To house the sculpture Emperor Franz had the Temple of Theseus (1820–1823) built in the gardens of the Hofburg (today the Volksgarten) in imitation of the Theseion in Athens. The designs for this Doric temple were executed by Peter Nobile. The sculpture was delivered to Vienna in 1822, but only stood in the temple that had been designed for it until 1890, afterwards being removed to the stairway of the Kunsthistorisches Museum.
Head of the School of Architecture at the Academy of Fine Arts from 1818, Peter Nobile received another commission for an official building from the Imperial Court. In 1815, shortly after the end of the threat from Napoleonic France, work started on the Outer Burgtor as a monument celebrating the victory over Napoleon and honouring the soldiers of the imperial army. Composed like the Temple of Theseus on severely Neoclassical lines, it is monumental in character: in their recourse to elements of the architecture of antiquity, both structures were informed by the endeavour to uphold conservative political ideals and were intended to symbolize the re-establishment of the Austrian – and imperial – honour that had been violated in the Napoleonic wars.
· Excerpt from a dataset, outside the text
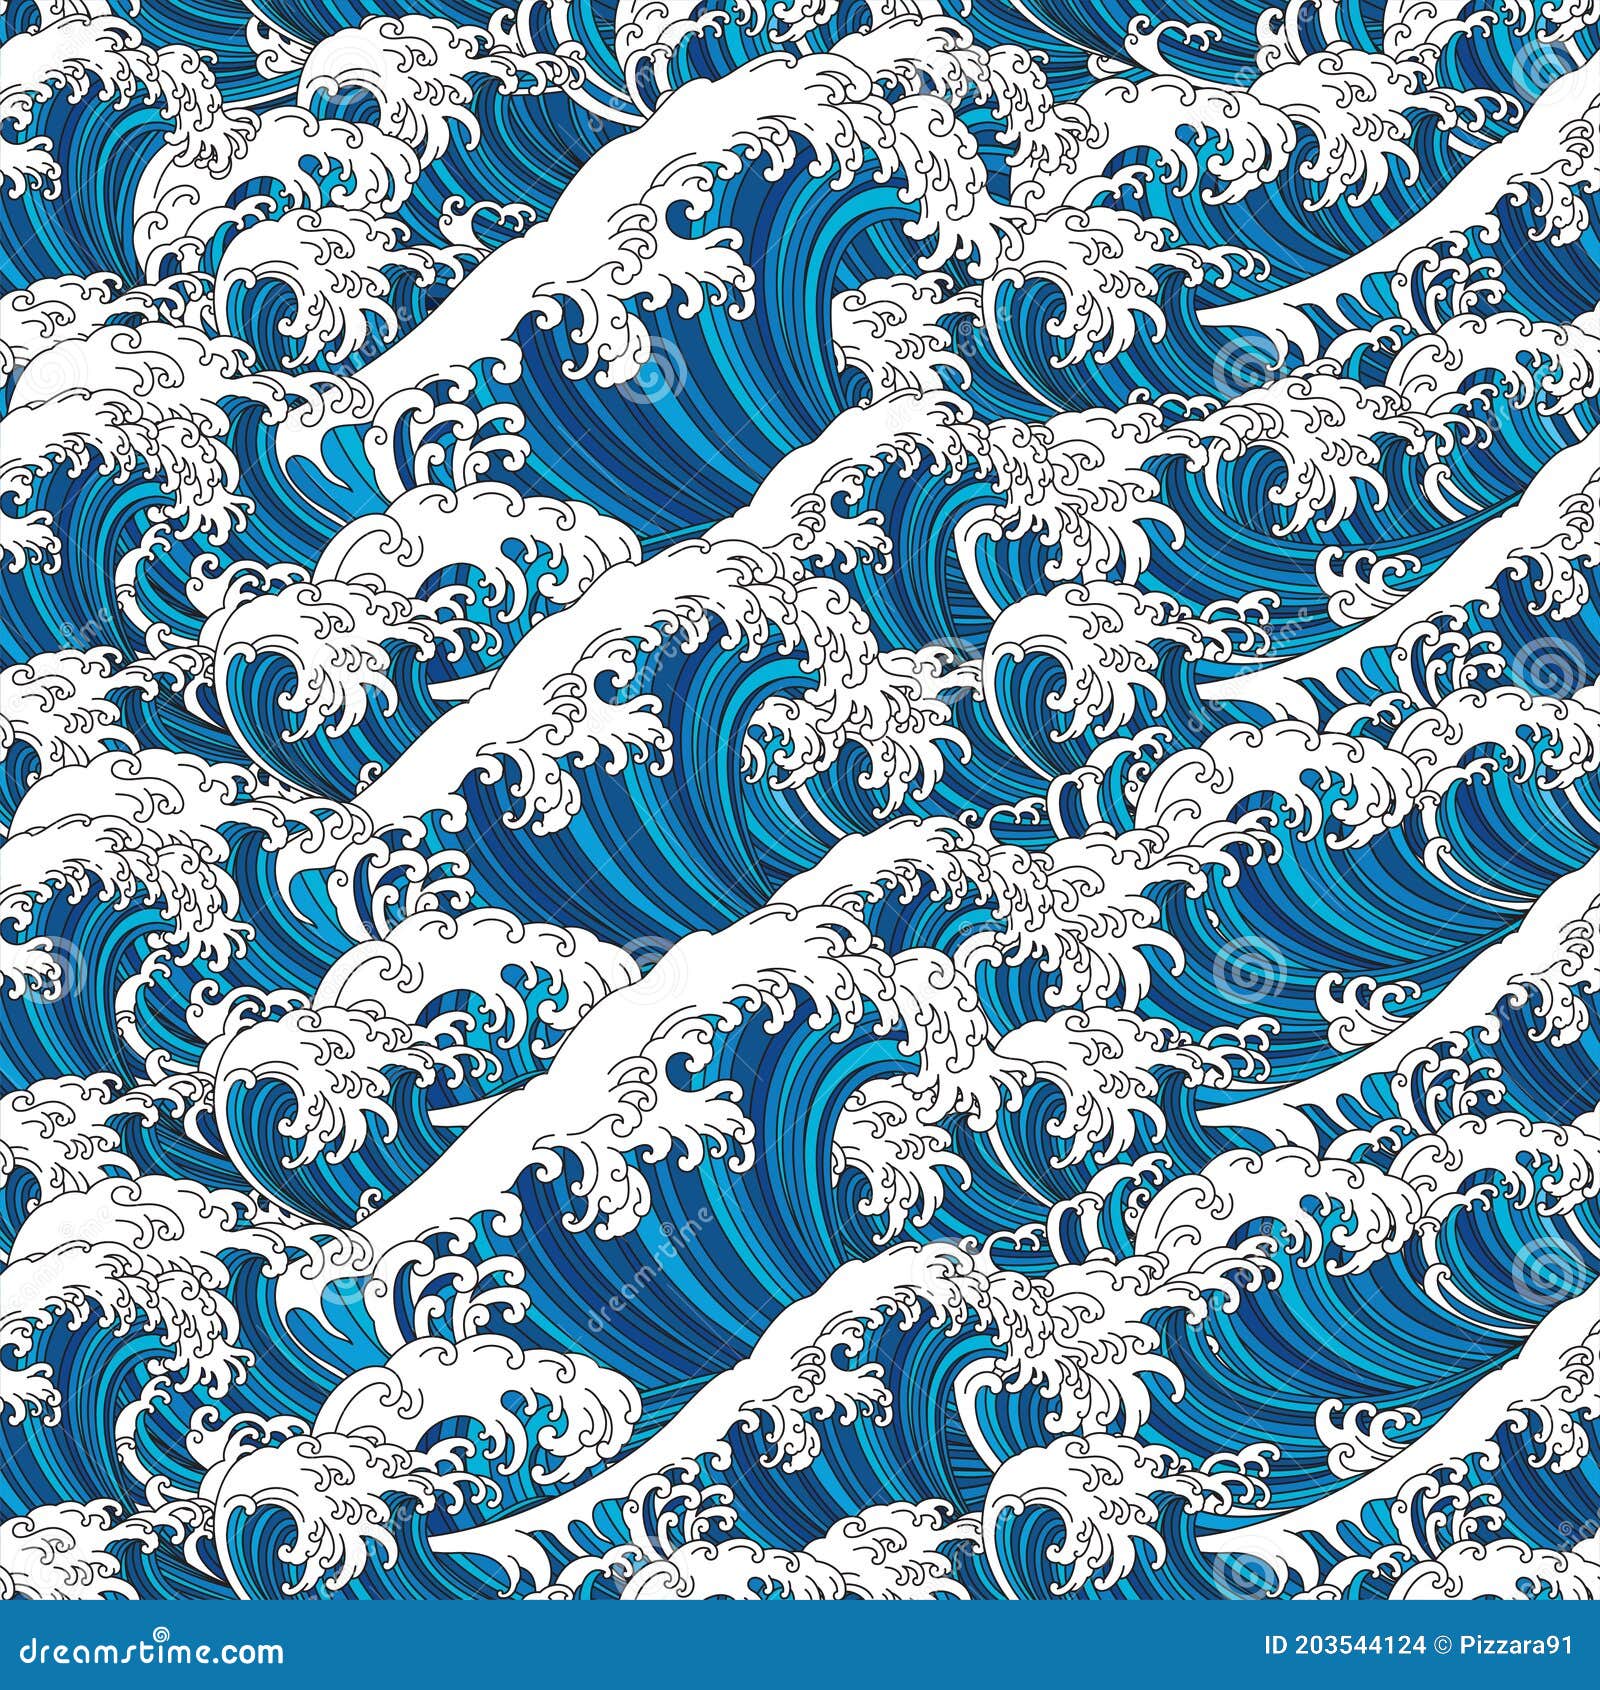 36780 Great Wave Wallpaper Images Stock Photos  Vectors  Shutterstock

Unadorned, restrained forms also characterized functional buildings such as the Polytechnikum (today the Technische Universität on Karlsplatz) and the Imperial Mint. This was partly a consequence of the weakened state of national finances following the wars against France, when money had to be saved on public commissions. This was strictly monitored by the Hofbaurat (Court Building Commission), founded in 1809.